I'm looking at recommendation two. I'm a little bit concerned about this, because as a public office holder myself, I keep track of what I consider to be arranged meetings, which is when people call up and request a meeting in my particular office, they come over, they give me their business cards, and I keep track of that.
What I'm seeing here, though, is that I might not be able to reconcile that set of records that I keep for myself with the actual set of records that are actually filed with the ethics commissioner. Am I accurately understanding the nature of the recommendation you're making? Is the nature of your recommendation such that a cross-reference of the records that I keep of who I actually meet with—because the person who arranged the meeting might not be the person I actually met with.... If I understand that recommendation correctly, you're saying very clearly here, I think, that the circle needs to be squared. Is that right?
:
Okay. Going back to the conversation regarding “oral, arranged, not arranged”, you're right, there is confusion.

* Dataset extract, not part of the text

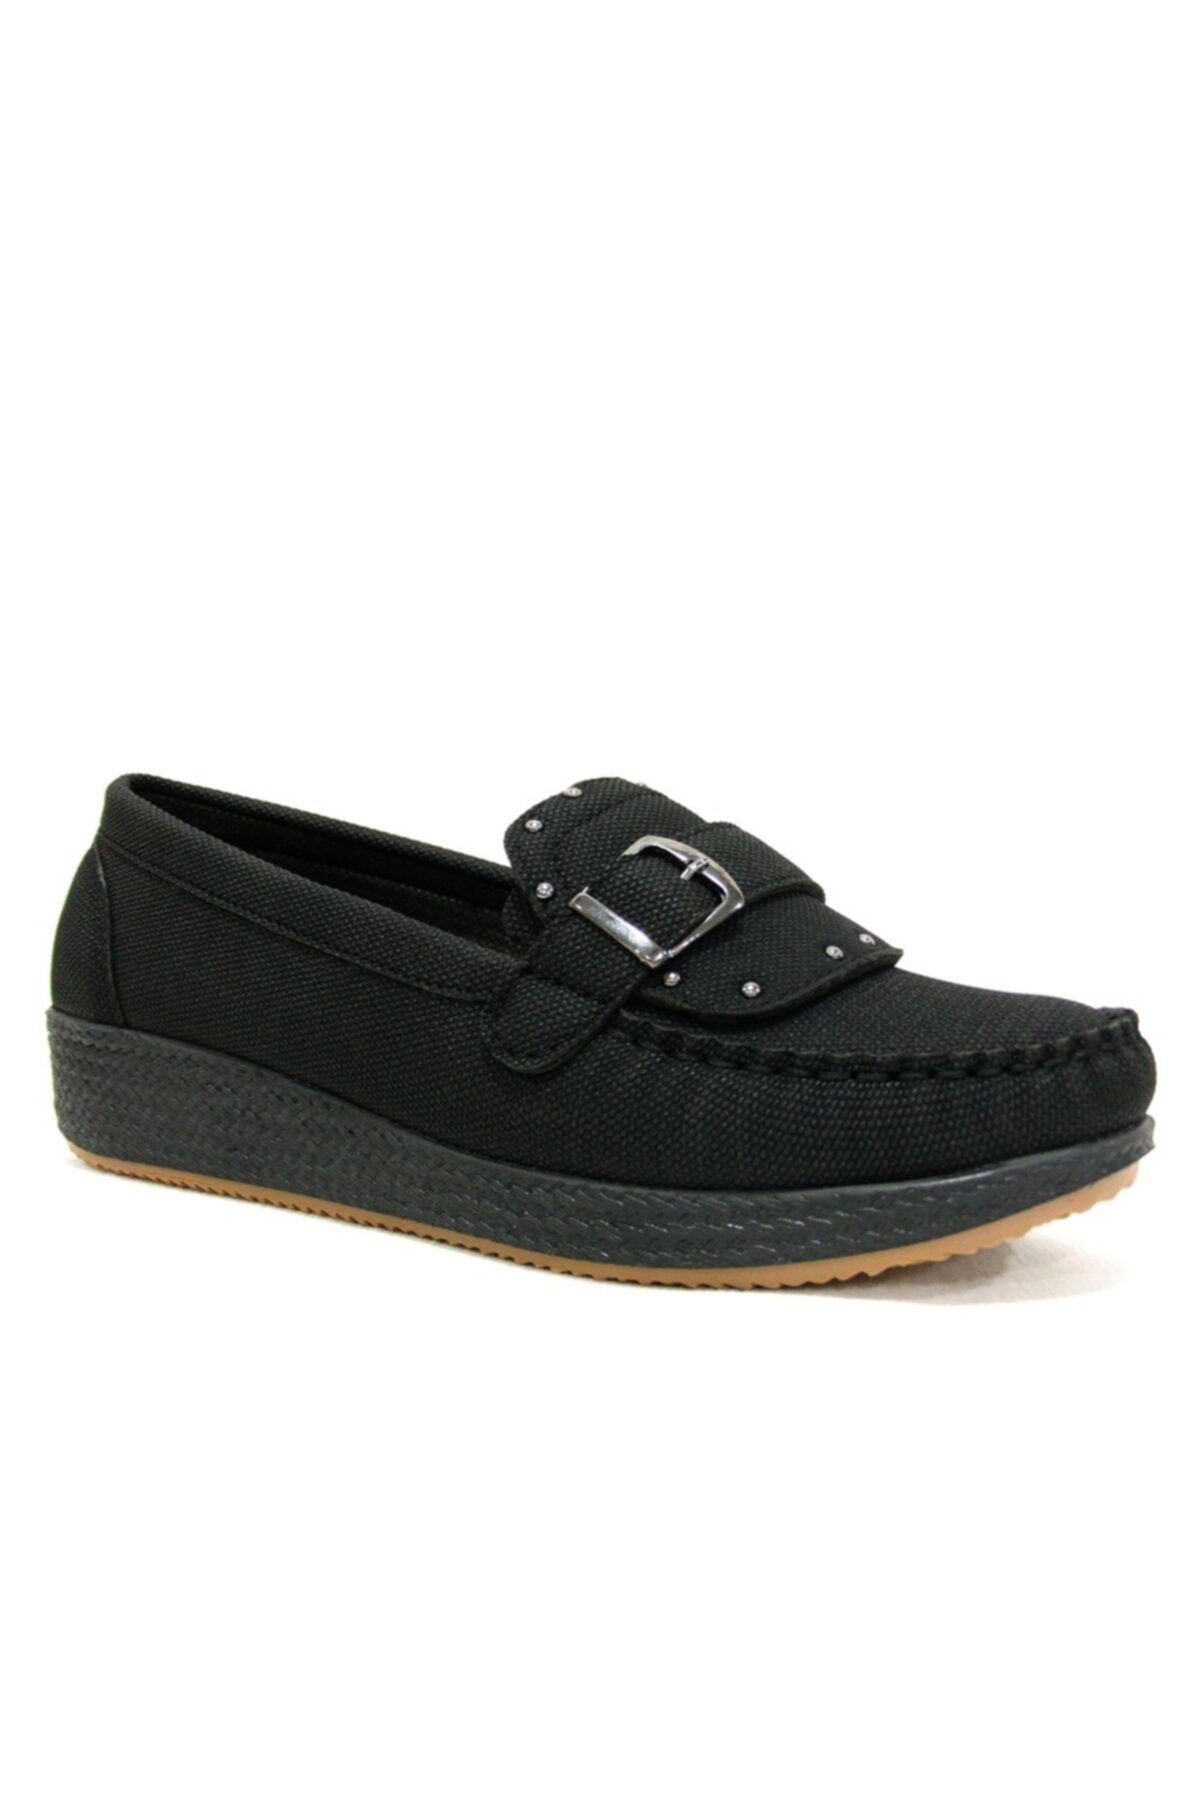 Annamaria Siyah Dolgu Topuk Comfort Ayakkabı
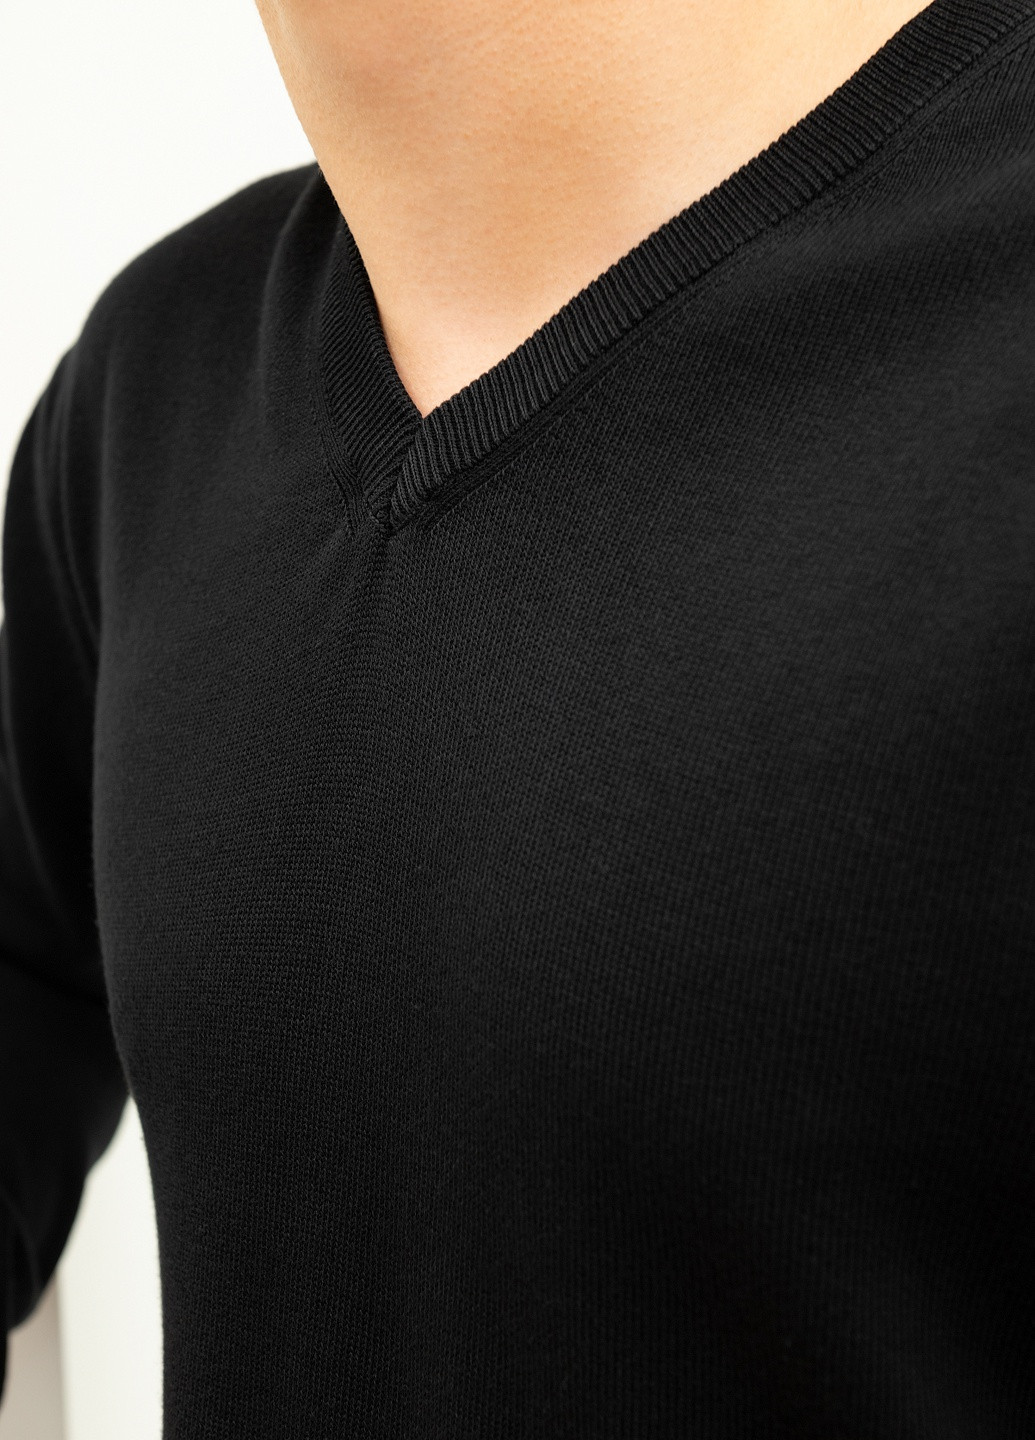 Черный демисезонный пуловер пуловер CLUB JU

Since I've been involved here I've learned that if I call you then that doesn't need to be reported, even though we'll get into the conversation regarding X, Y, or Z.
I'm trying to tie this in to make a complete circle. What requirements are on the public office holder to report? I know we have to keep track of what we do, but there's nothing on us that we have to report to the commissioner so that someone can match things up. Should we look at closing that full circle and putting more onus on the public office holder to report to the commissioner so that he or she can do a check or balance?
In my mind, it's how we catch the ones who don't play by the rules. I think anyone coming before this committee and doing lobbying, as you've all said, is playing by the rules. It's the idea of catching the lobbyist who doesn't play by the rules.
:
I think there are three ways to look at whether you should be reporting a meeting.
You can look at it in isolation. As a stand-alone concept, having both sides reporting the same meeting would make it easier to see if somebody didn't report it. That would be a plus.
Second, though, to come back to the circle you're trying to draw around all the recommendations on the table, if you put that recommendation alongside all of the others, such as “all oral communication should be reported; you don't have to be paid to register; it doesn't matter who initiates the communication”, you get the sense that you're looking at a major bureaucratic nightmare: MPs and lobbyists making records of and reporting every conversation they have about government with everyone they meet, anywhere, no matter what the context.
The third way to look at this is from a governance point of view. Charles is right. The commissioner's office would need to be greatly expanded. You'd be looking at an exponential increase in the number of reports coming in to that office. For every report coming in now, you'd have two. And if you put those other recommendations on the table, for every report coming in now you might have ten.
There was a well-received report last week on how to reduce red tape. I don't see how that recommendation supports this.
:
It does sound to me like that may raise a challenge, because if someone is new to the industry, is not following the rules, and is under investigation, and they continue to not act according to the rules, that may actually create more hassle down the line.
Now going back to some of the things that MP Scott Andrews mentioned earlier, as well as Mr. Stephen Andrews mentioned earlier on transparency, one of the fears you have is that you create a system that does not achieve the public goal of being a transparent system so that people know the system has checks and balances. But I'm also worried about Mr. Patrick's comments about creating a bureaucracy, because we all know that red tape does end up costing more.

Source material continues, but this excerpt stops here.